In fact, any attempt to permanently ‘solve’ the inherent incoherence of practical life and reduce politics to the mere application of a set of a priori rules or the universal application of a previously created blueprint would be anathema to political skeptics. Elie Kedourie notes that the skeptical disposition is ‘hostile to…policies or movements…that…are the outcome of ideologies which misapprehend the character of society and which prescribe aims impossible to fulfill.’

Thus, political skepticism does not offer a particular program, but instead involves a series of reactions against attempts to create and institute ideological political programs. Oakeshott’s comment on Hayek is appropriate here. He suggests that a plan against all planning may be better than the alternative, but it is still speaks in the same idiom as the planners. Nonetheless, now that I have provided a very brief historical conspectus, I’ll try to offer the outlines of a possible skeptical political disposition tomorrow.

2 comments:

Anonymous said...

I'm sympathetic both with the argument you put forward and with skepticism. Nevertheless, as you present it, skepticism is still vulnerable to the criticism skeptics have faced since antiquity, namely that it cannot survive application to itself. It is, hence, incoherent. With hindsight I suppose that's really also the underlying gist of my earlier comments on previous posts. Let me flesh this out a bit.

In fact, any attempt to permanently ‘solve’ the inherent incoherence of practical life and reduce politics to the mere application of a set of a priori rules or the universal application of a previously created blueprint would be anathema to political skeptics. Elie Kedourie notes that the skeptical disposition is ‘hostile to…policies or movements…that…are the outcome of ideologies which misapprehend the character of society and which prescribe aims impossible to fulfill.’

Well, of course one would want to be hostile to ideas based on a misapprehension of society. Surely that's not unique to skeptics! In addition, your statement assumes that skeptics do understand the true character of society. But their understanding is by necessity also an abstraction, and thus something skeptics should reject! How is this not a contradiction?

Thus, political skepticism does not offer a particular program, but instead involves a series of reactions against attempts to create and institute ideological political programs. Oakeshott’s comment on Hayek is appropriate here. He suggests that a plan against all planning may be better than the alternative, but it is still speaks in the same idiom as the planners.

But how is Oakeshott different? Instead of a plan against planners he has an attitude against planners? But surely such an attitude has to be put into action before it can have effect? So Oakeshott would have to do the same as Hayek, devising a plan given the circumstances, unless he's saying that Hayek advocates the same plan against planning for all circumstances. But Hayek doesn't, as that would contradict his own reasons for being skeptical about planning.

halifax said...

I’ll try to answer some of these questions soon, but, for now, I will merely suggest that political/practical skepticism doesn’t necessarily involve a commitment to philosophical skepticism. Hegel, for example, was most definitely not a philosophical skeptic, but was quite dubious about the possibility of applying philosophical conclusions to practical life because the fundamental presupposition of practice is that the world is changeable.

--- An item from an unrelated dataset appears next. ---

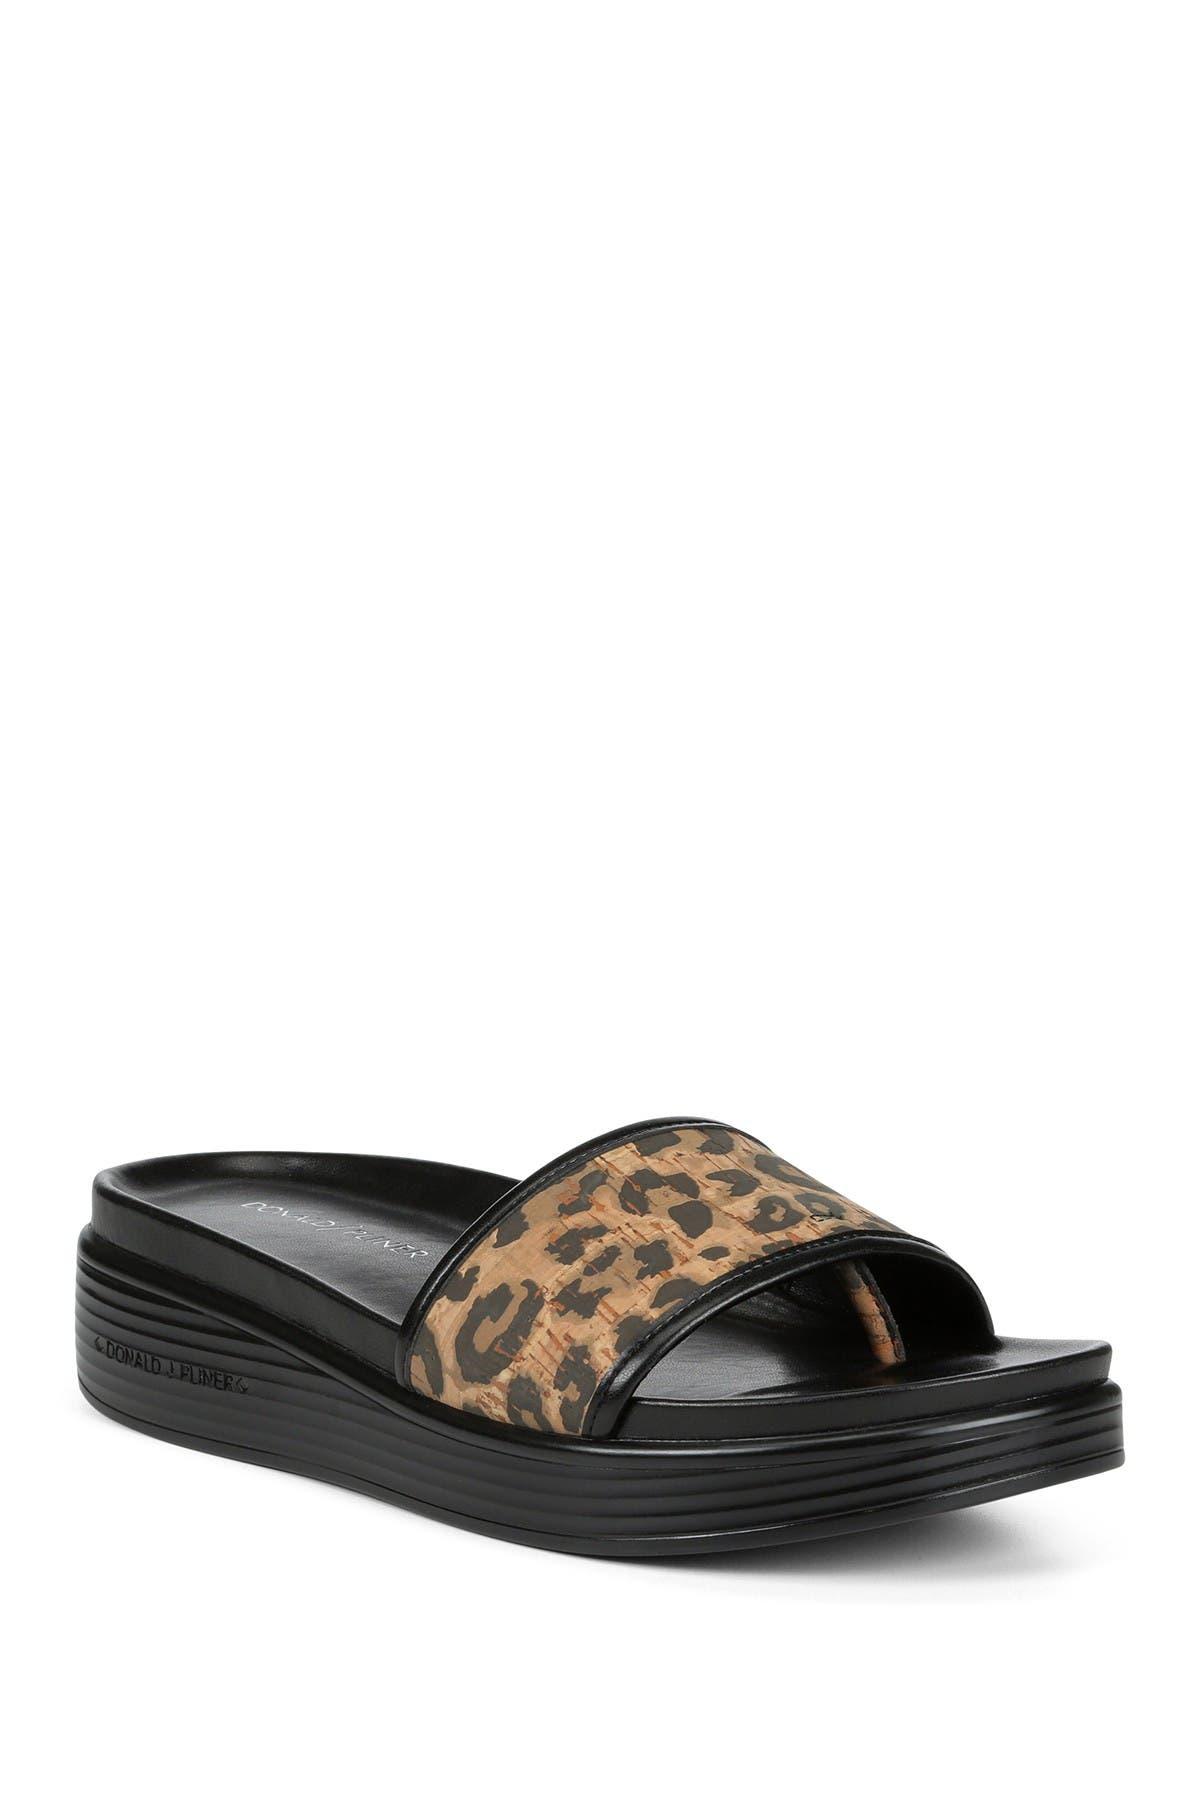 Image of Donald Pliner Fiji Leather Leopard Print Slide Sandal

Hume, on the other hand, was both a philosophical and practical skeptic, but he certainly realized that there was a certain paradoxical character to making skeptical philosophical claims. In fact, he wrote at one point that skepticism as a philosophical argument only really made sense in an age in which people had a great faith in the power of reason because such skepticism relies upon rational arguments to undermine rationalism.

On the last point, I think that Oakeshott’s potshot at Hayek is actually unfair to Hayek, and what he is in fact saying is that Hayek is advocating the same plan for all circumstances and this Procrustean rationalism is what Oakeshott rejects.